An Open-Heart Policy


“Lord, open my eyes that I may see wonderful things in Your law” (Psa. 119:18).

Read: 3 JOHN 1–14

1 The elder,

To my dear friend Gaius, whom I love in the truth.

2 Dear friend, I pray that you may enjoy good health and that all may go well with you, even as your soul is getting along well. 3 It gave me great joy when some believers came and testified about your faithfulness to the truth, telling how you continue to walk in it. 4 I have no greater joy than to hear that my children are walking in the truth.

5 Dear friend, you are faithful in what you are doing for the brothers and sisters, even though they are strangers to you. 6 They have told the church about your love. Please send them on their way in a manner that honors God. 7 It was for the sake of the Name that they went out, receiving no help from the pagans. 8 We ought therefore to show hospitality to such people so that we may work together for the truth.

9 I wrote to the church, but Diotrephes, who loves to be first, will not welcome us. 10 So when I come, I will call attention to what he is doing, spreading malicious nonsense about us. Not satisfied with that, he even refuses to welcome other believers. He also stops those who want to do so and puts them out of the church.

11 Dear friend, do not imitate what is evil but what is good. Anyone who does what is good is from God. Anyone who does what is evil has not seen God. 12 Demetrius is well spoken of by everyone—and even by the truth itself. We also speak well of him, and you know that our testimony is true.

13 I have much to write you, but I do not want to do so with pen and ink. 14 I hope to see you soon, and we will talk face to face.

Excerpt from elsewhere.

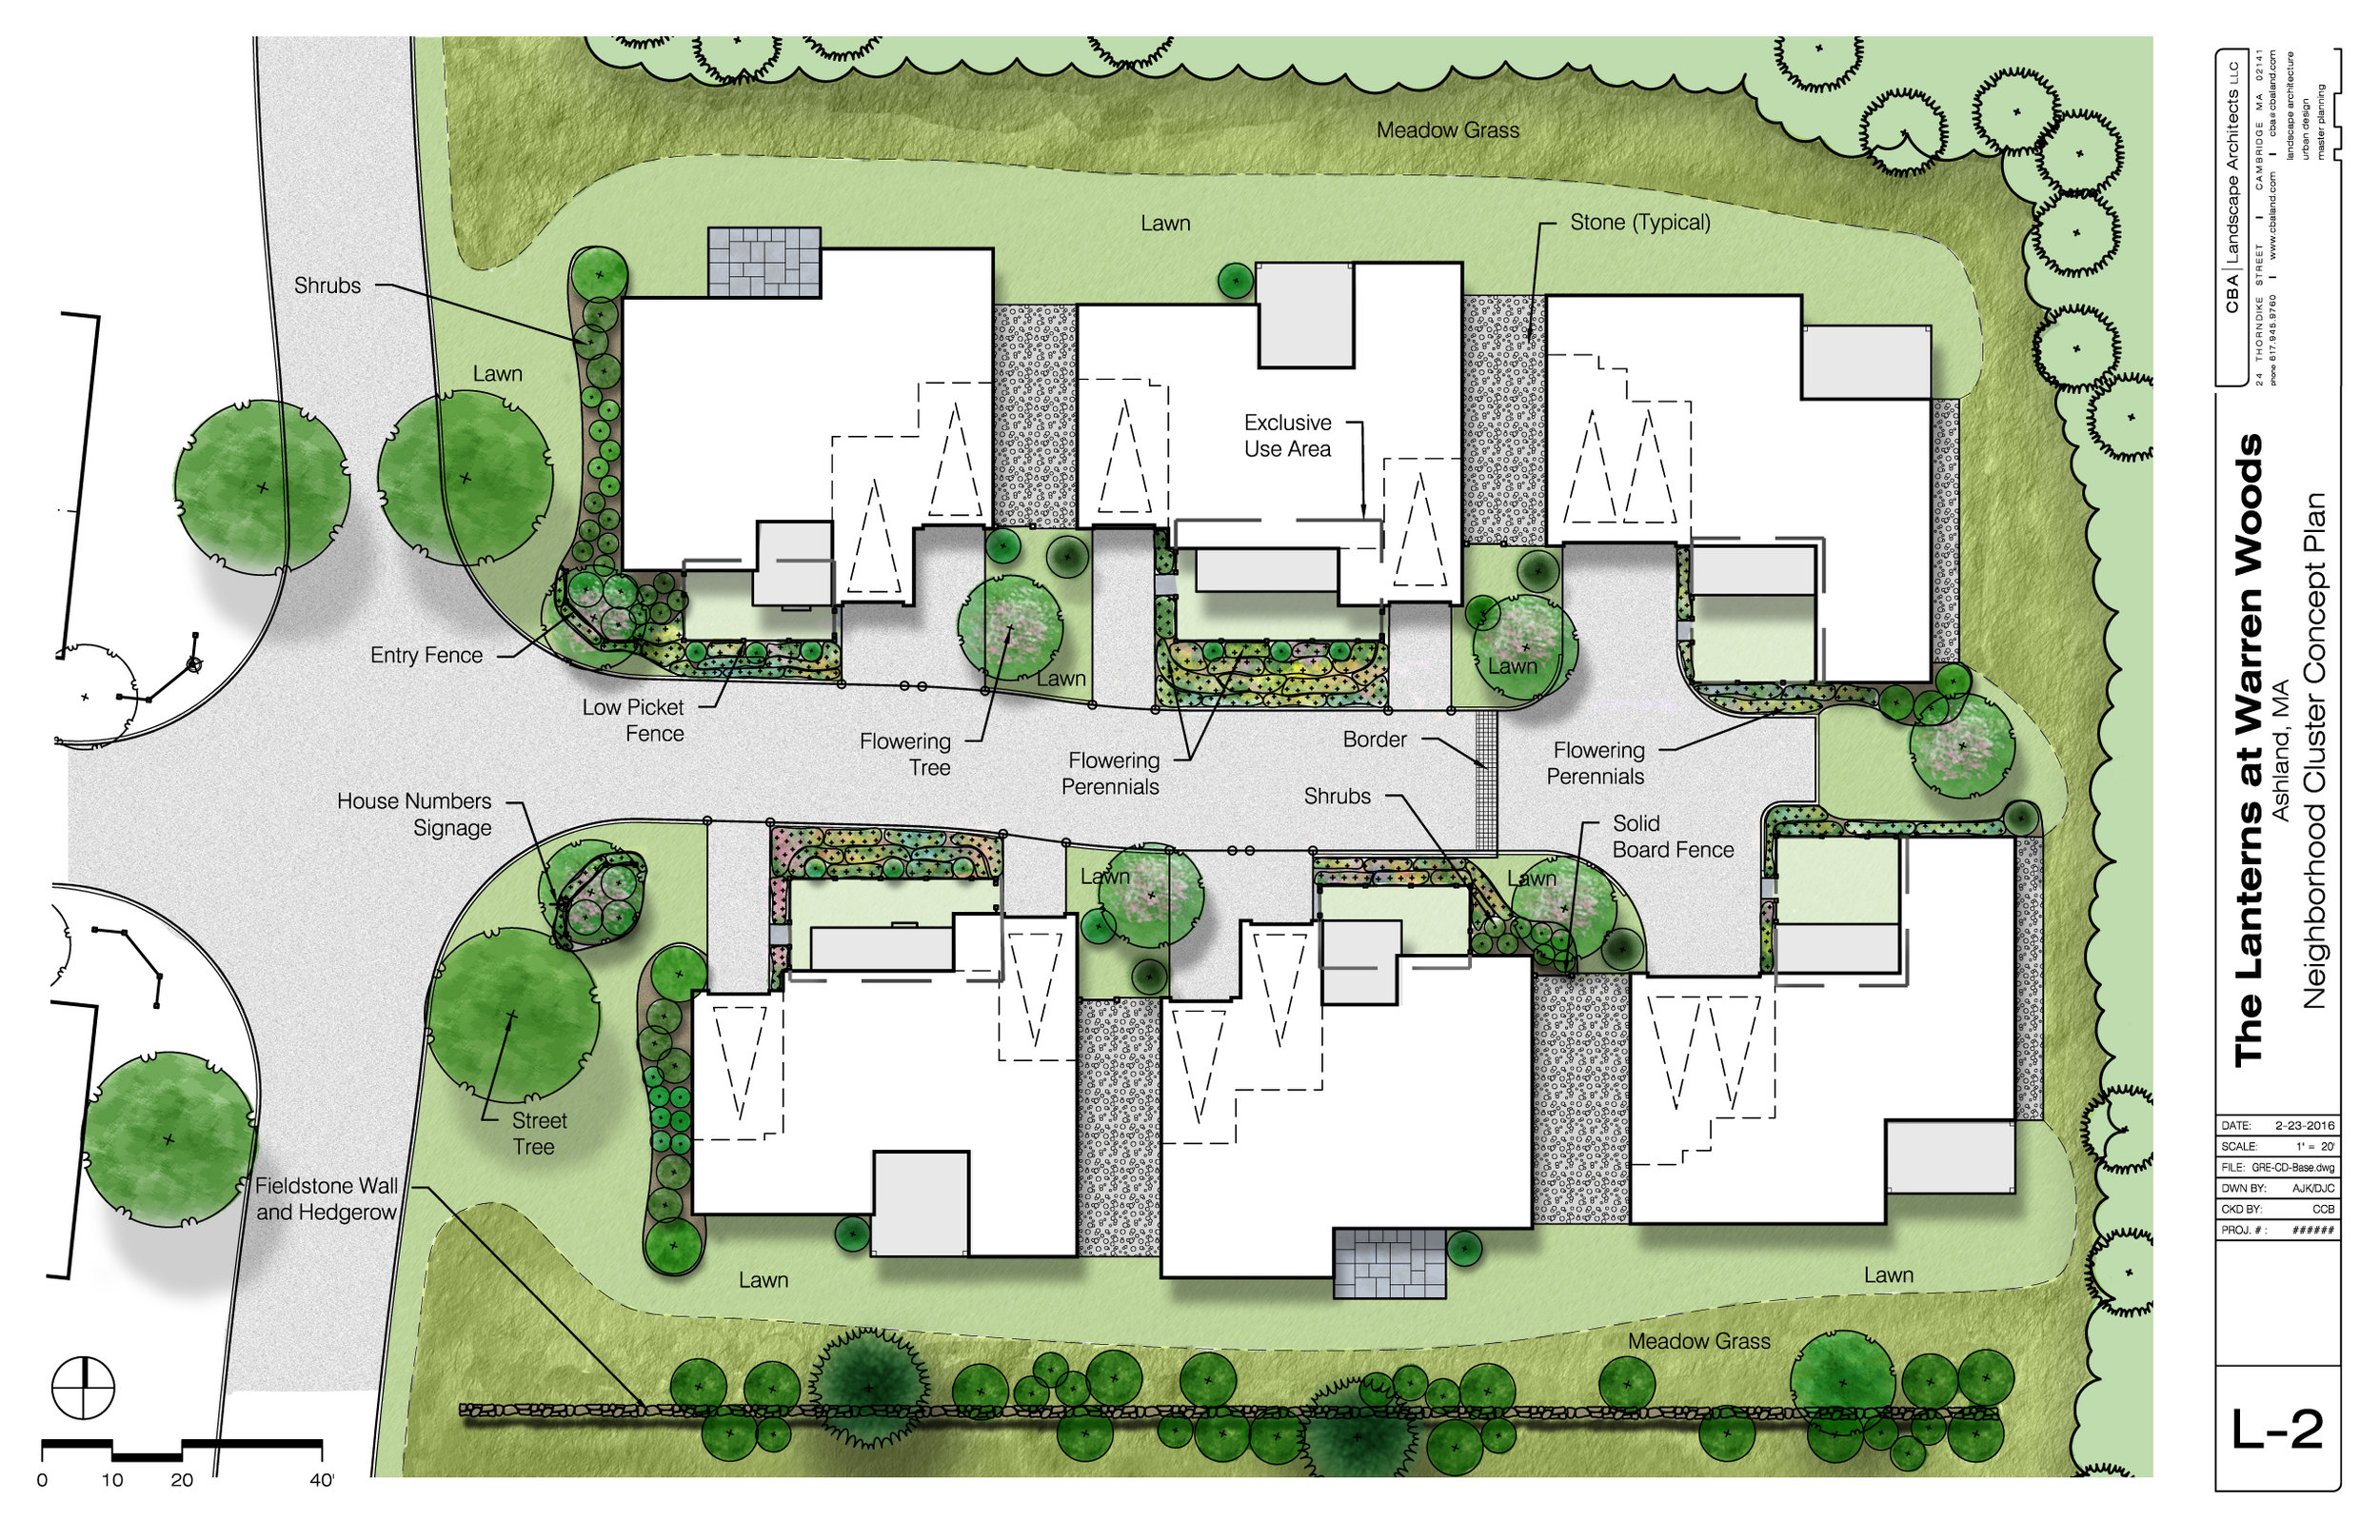 Neighborhood Cluster Concept Plan_2016-2-23.jpg

Peace to you. The friends here send their greetings. Greet the friends there by name.


In his previous letters to groups of believers John detailed why we should love each other. This personal letter to Gaius is direct and practical. “Walking in the truth” means showing persistent, practical kindness to God’s people, even to those we do not know well (5).

Through Jesus, God demonstrated his desire to include, not exclude. If God invites everyone and Jesus has died for everyone, then we need to have the same open-heart policy too. Our natural “tribal” tendencies are to be replaced with an attitude of accepting fellow Christians whoever they are and wherever they are from (8,10). Here’s a quick test. After a church service do we (a) head for a familiar face or (b) look to welcome a newcomer? When we meet together with other churches do we (a) stick with the people we know or (b) strike up a conversation with someone we have never met? When a parent with lively children arrives at church, do we (a) aim to provide engaging activities to include the children or (b) tut at their unruly behavior?

Churches are not perfect places, because they are full of imperfect people (9,10). John reminds us to imitate those (like Demetrius, 12) who are imitating Christ.


Ask yourself if you go to church hoping to receive or prepared to give?


God of grace and mercy, renew Your heart of love for Your people in my own heart and life.